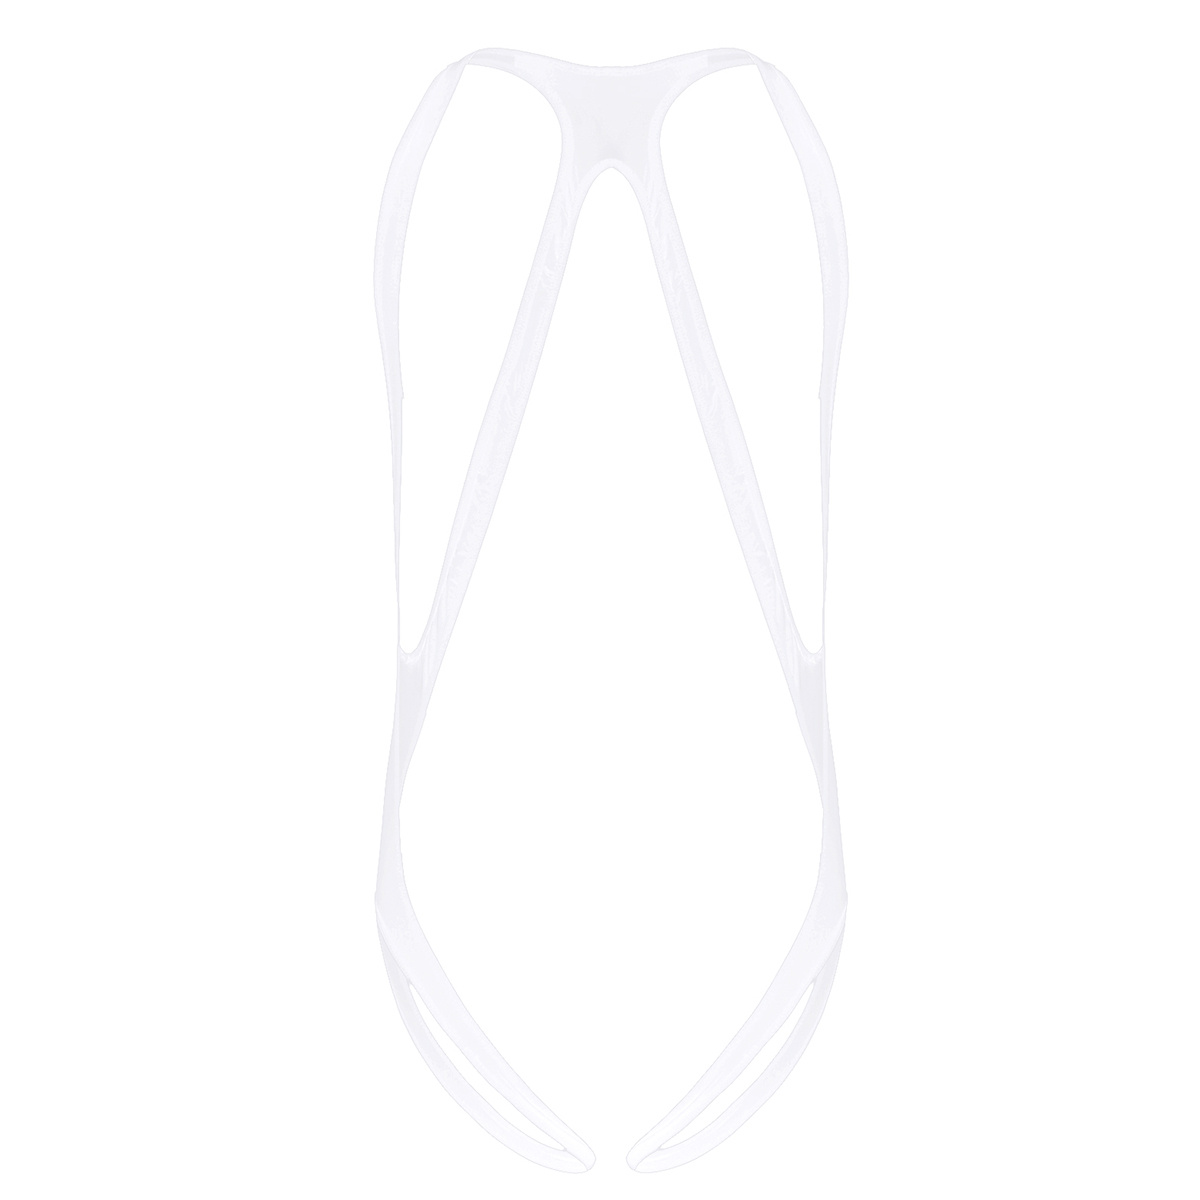 Mens One-piece Lingerie Body Chest harness Halter Neck Elastic Wide Straps Mankini Jockstrap Underwear Leotard Bodysuit
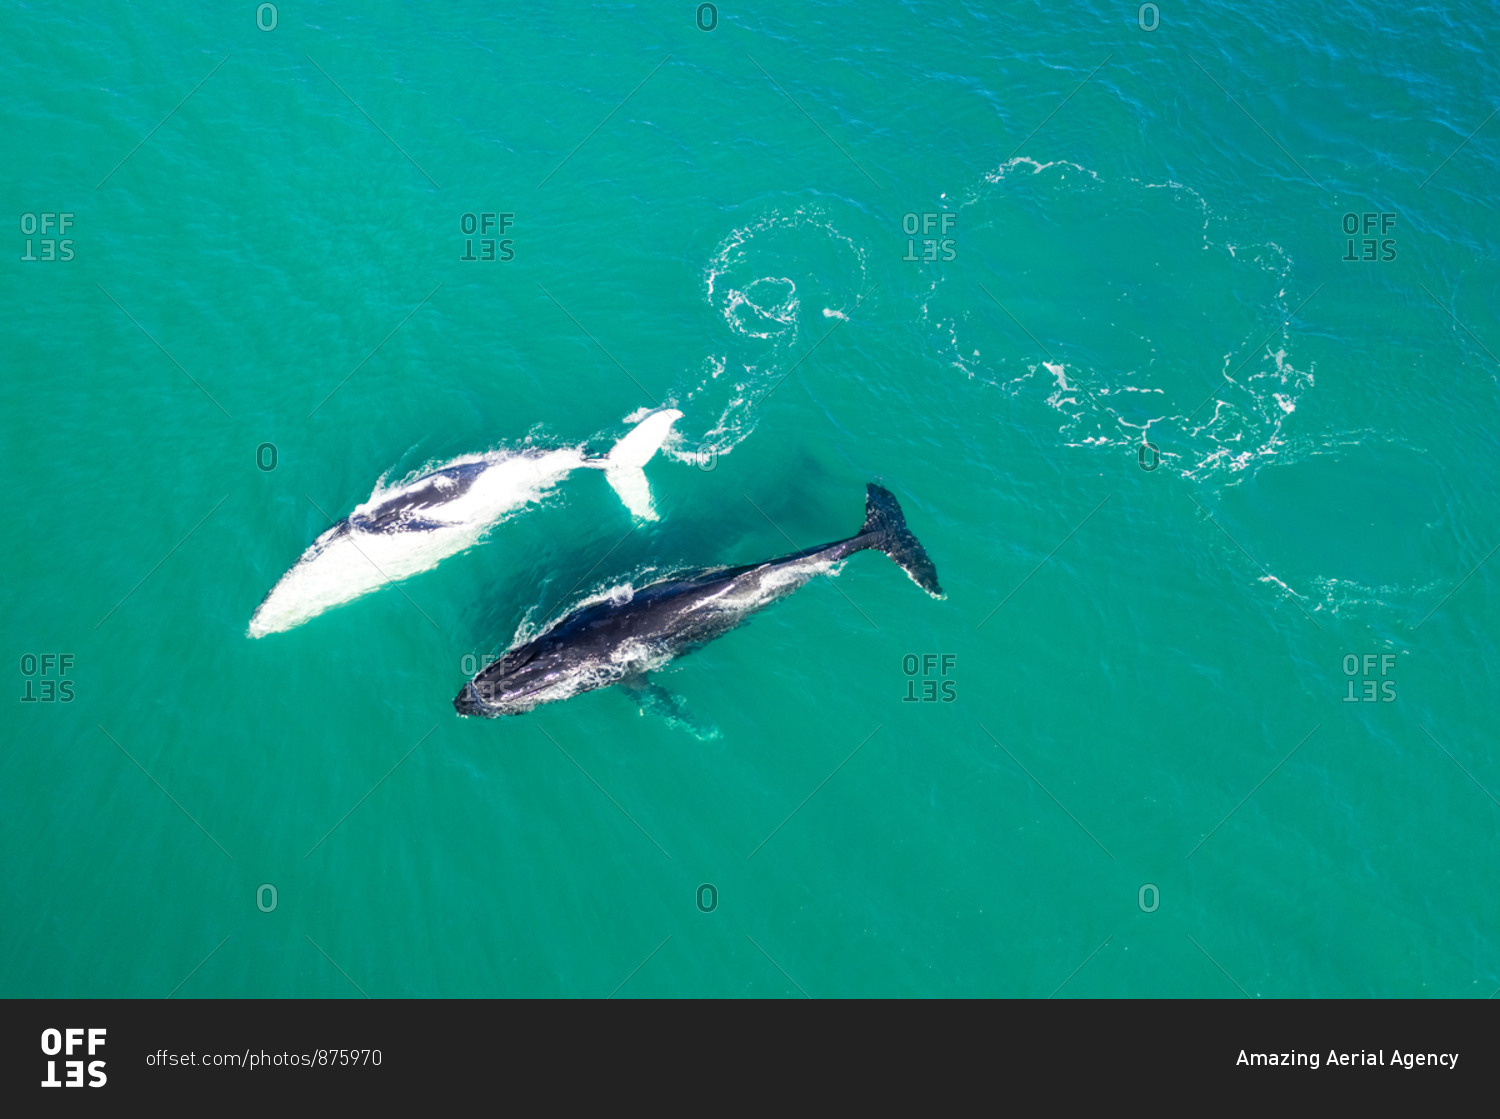 Aerial view of three whales swimming near Noosa, Australia.
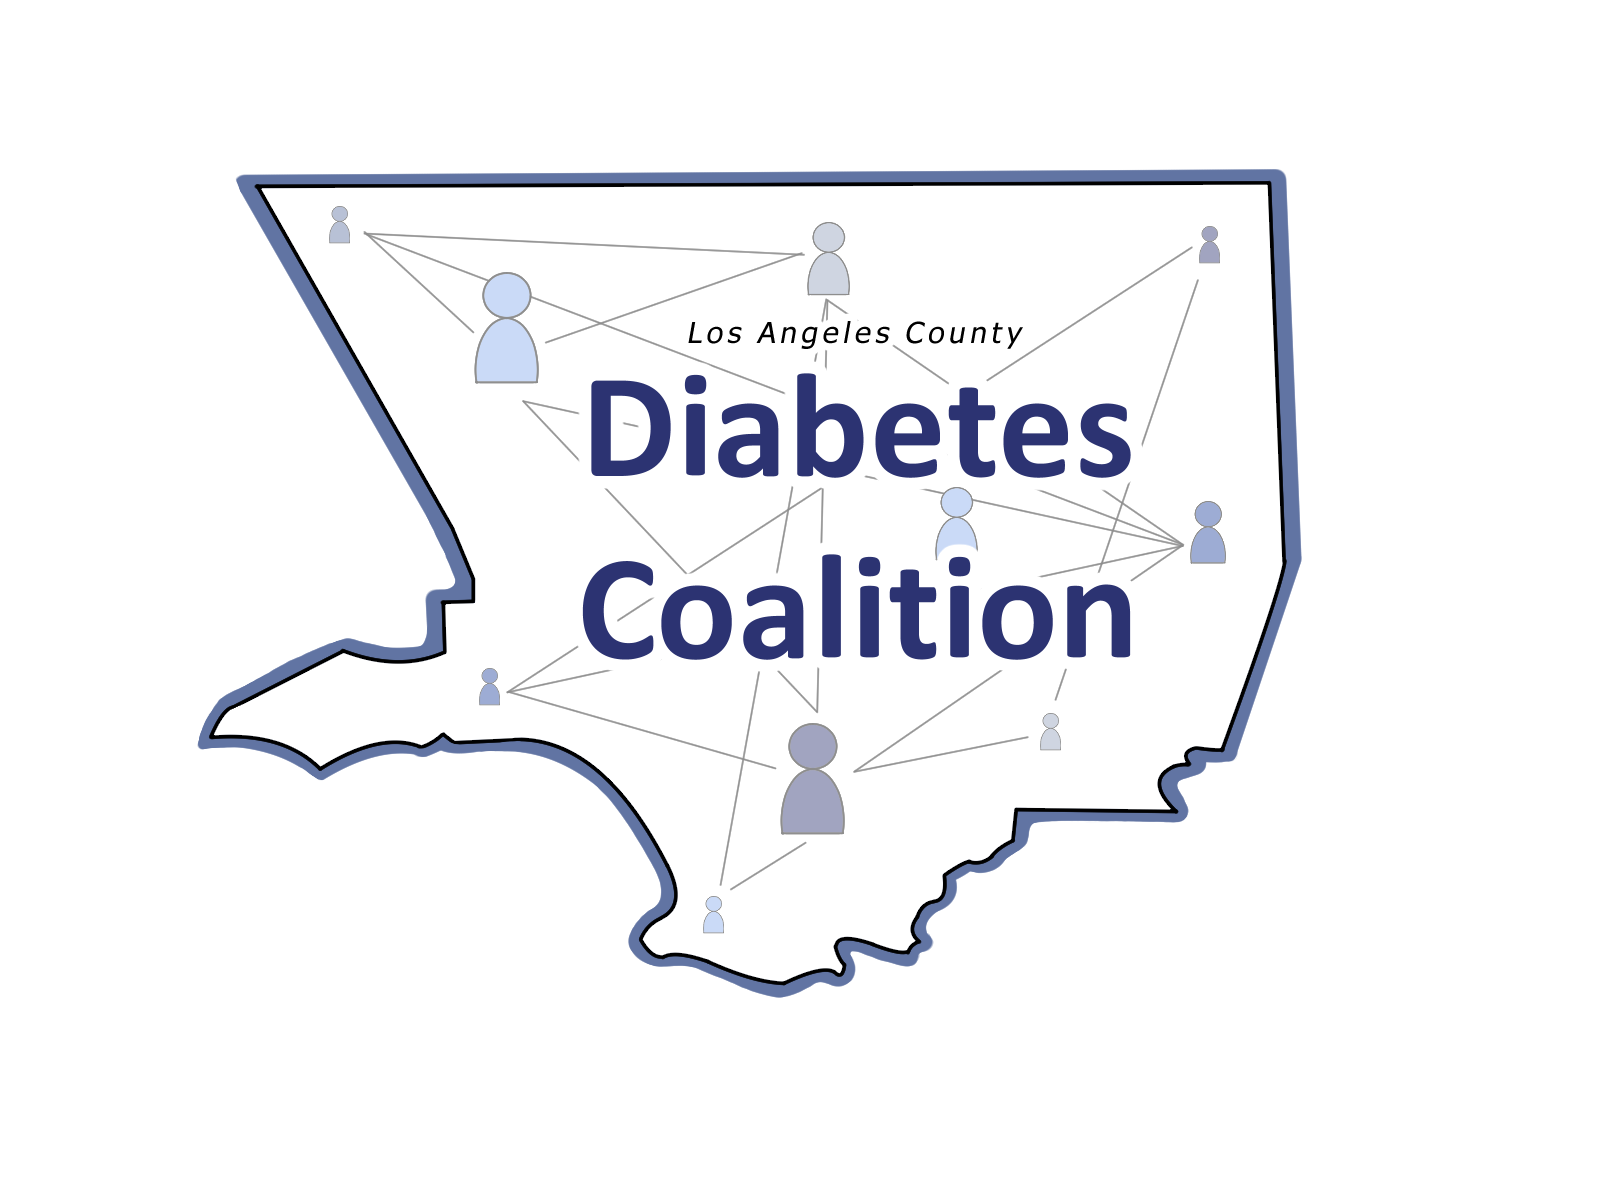 Los Angeles County Diabetes Coalition

(WHAT IS NEEDED): Please produce an exact copy of the listing, omitting the pictures.

(EXERCISE SOLUTION):
 Mens One-piece Lingerie Body Chest harness Halter Neck Elastic Wide Straps Mankini Jockstrap Underwear Leotard Bodysuit
 Aerial view of three whales swimming near Noosa, Australia.
 Los Angeles County Diabetes Coalition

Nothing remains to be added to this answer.